Exercise goal —
Output each line of the listing exactly, though pictures are not to appear.

Exercise data —
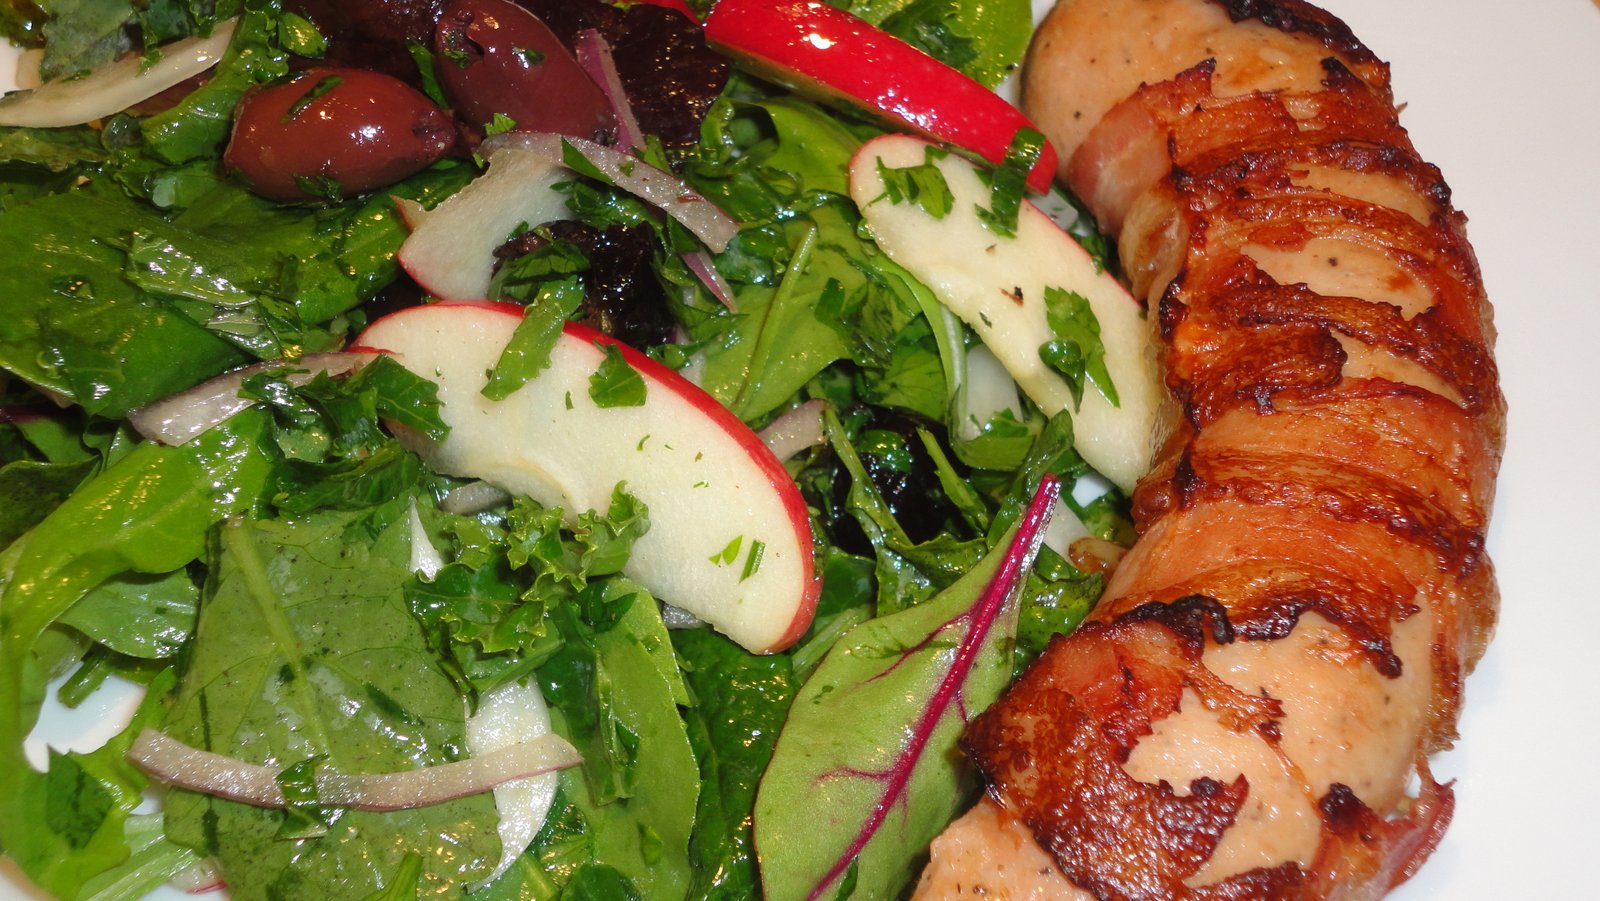 Recipe #3 | Bacon Wrapped Chicken Sausage With Apple Kale Salad
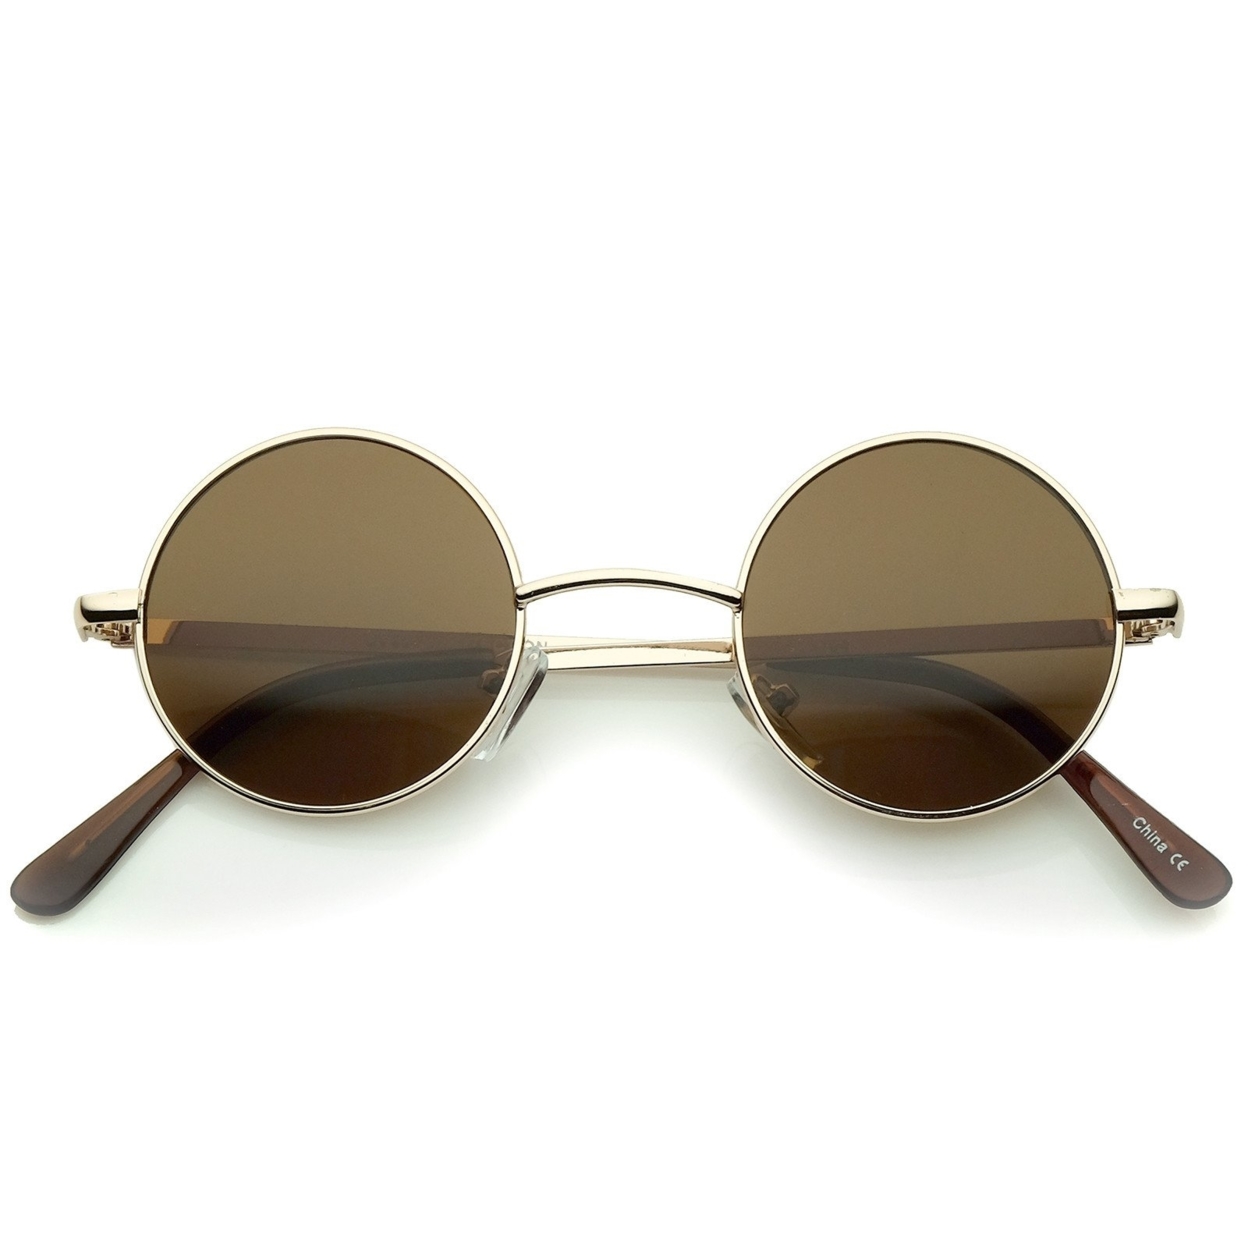 Small Retro Lennon Inspired Style Neutral-Colored Lens Round Metal Sunglasses 41mm - Gold / Brown
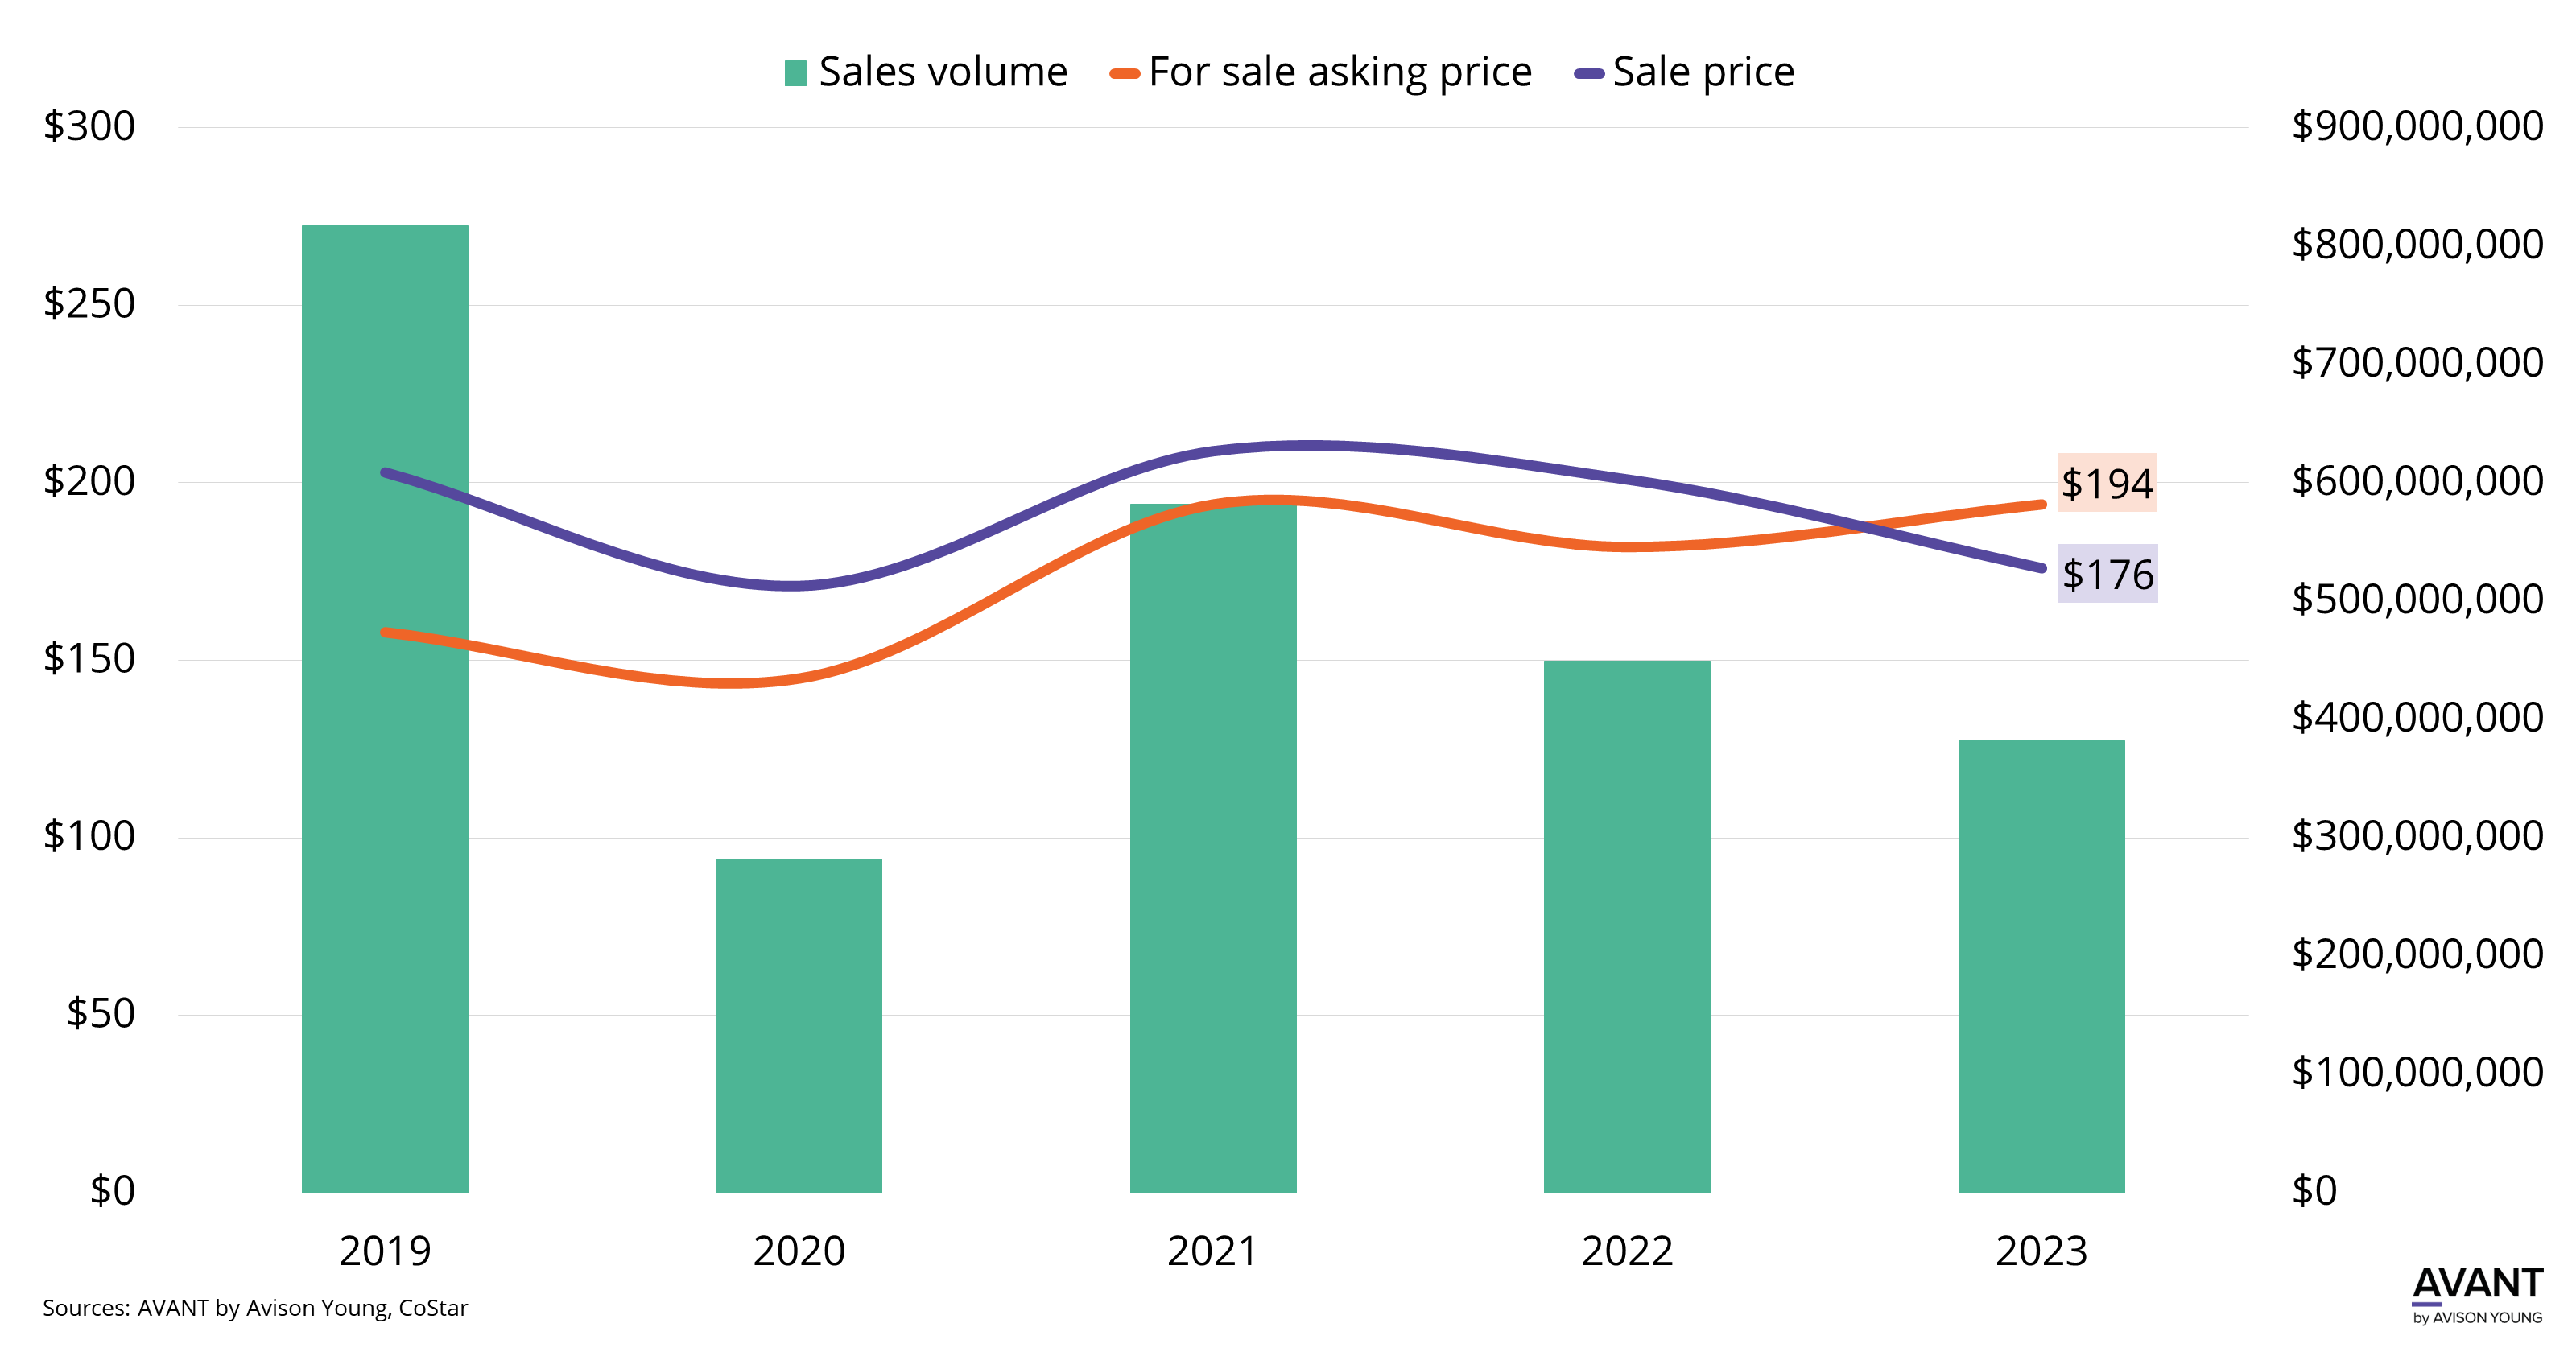 graph of Tampa's sales volume, for sale asking price and sale price of office buildings from 2019 to 2023

Solution for this problem —
 Recipe #3 | Bacon Wrapped Chicken Sausage With Apple Kale Salad
 Small Retro Lennon Inspired Style Neutral-Colored Lens Round Metal Sunglasses 41mm - Gold / Brown
 graph of Tampa's sales volume, for sale asking price and sale price of office buildings from 2019 to 2023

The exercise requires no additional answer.